The new understanding, of human influences on ecological processes across time, is as significant a change in thinking as plate tectonics was for geology. Alfred Wegener first proposed the idea of continental drift in his 1915 book The Origin of Continents and Oceans, but it took almost 50 years before Wegener’s theory was generally accepted. Improved seafloor mapping in the 1950’s, including of rift zones and spreading plates whose movements were calibrated by the magnetic pole reversal signatures in rocks, provided overwhelming evidence, so that in the early 1960’s plate tectonics became the paradigm, supplanting the old theories that assumed the Earth’s geologic features were fixed in place.

Similarly, the new theories of ecological development, including recognition of historical human influences, are supplanting the old ones.

That shift in ecological thinking is happening today, and you have a ringside seat.

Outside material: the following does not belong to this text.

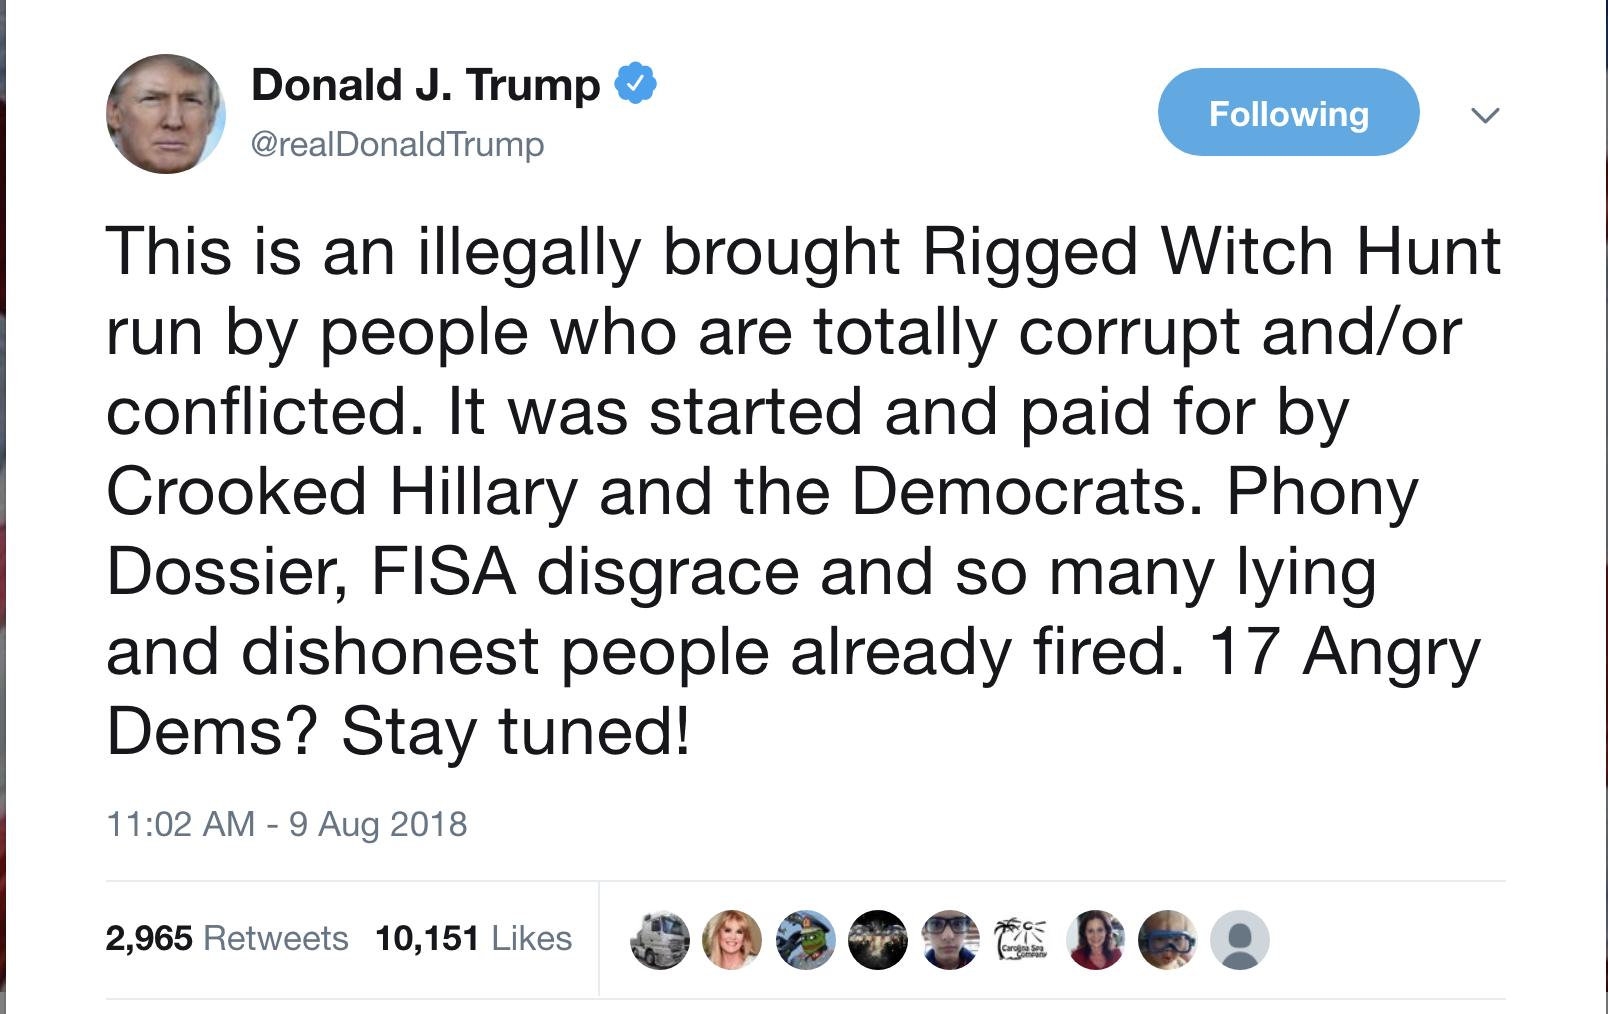 Screen-Shot-2018-08-09-at-11.16.48-AM Trump Has Mega Mueller Meltdown On Twitter After Thursday AM Court Revelations Corruption Crime Donald Trump Mueller Politics Russia Science Top Stories
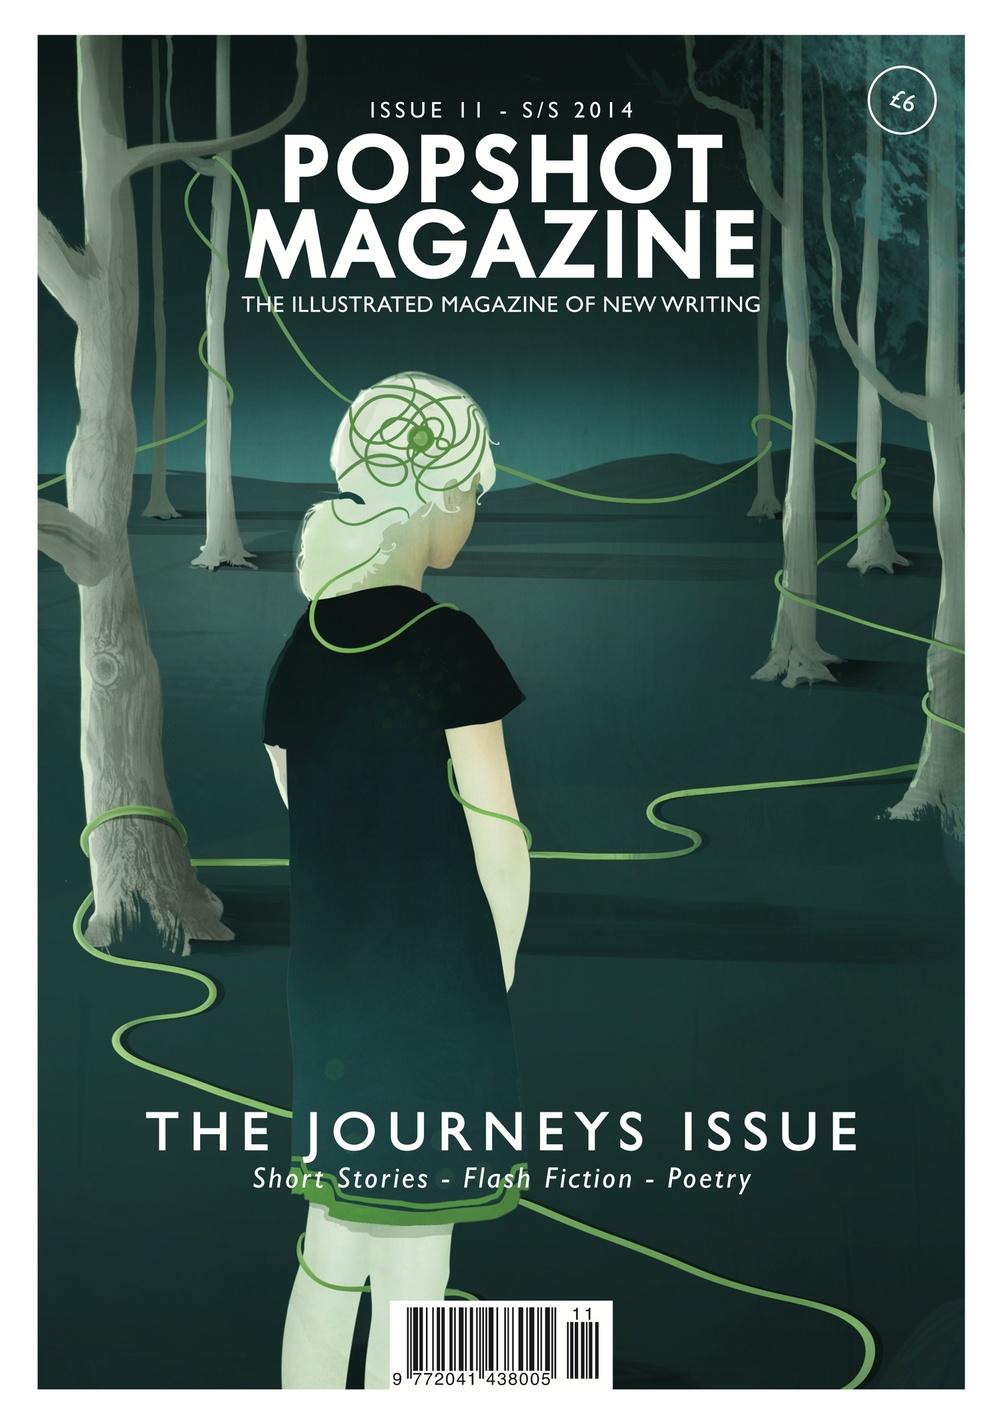 Popshot Magazine: The Journeys Issue

We all do, thanks to the contributors to W.I.S.E., who are often the leading scientists themselves. We are witness to a major advancement in scientific understanding.

That’s pretty exciting — I think it is, anyway. And it is hugely gratifying to be a part of it, too, and to be a conduit to you, the scientific peers in our new age of digital communication.

It is easy to get caught up in the forest, fire, and wildlife policy issues of the moment, and it is also our duty, as we see it, to be involved in those issues. But the real joy for those of us most closely associated with W.I.S.E. is to witness and be a part of the new paradigm in ecology.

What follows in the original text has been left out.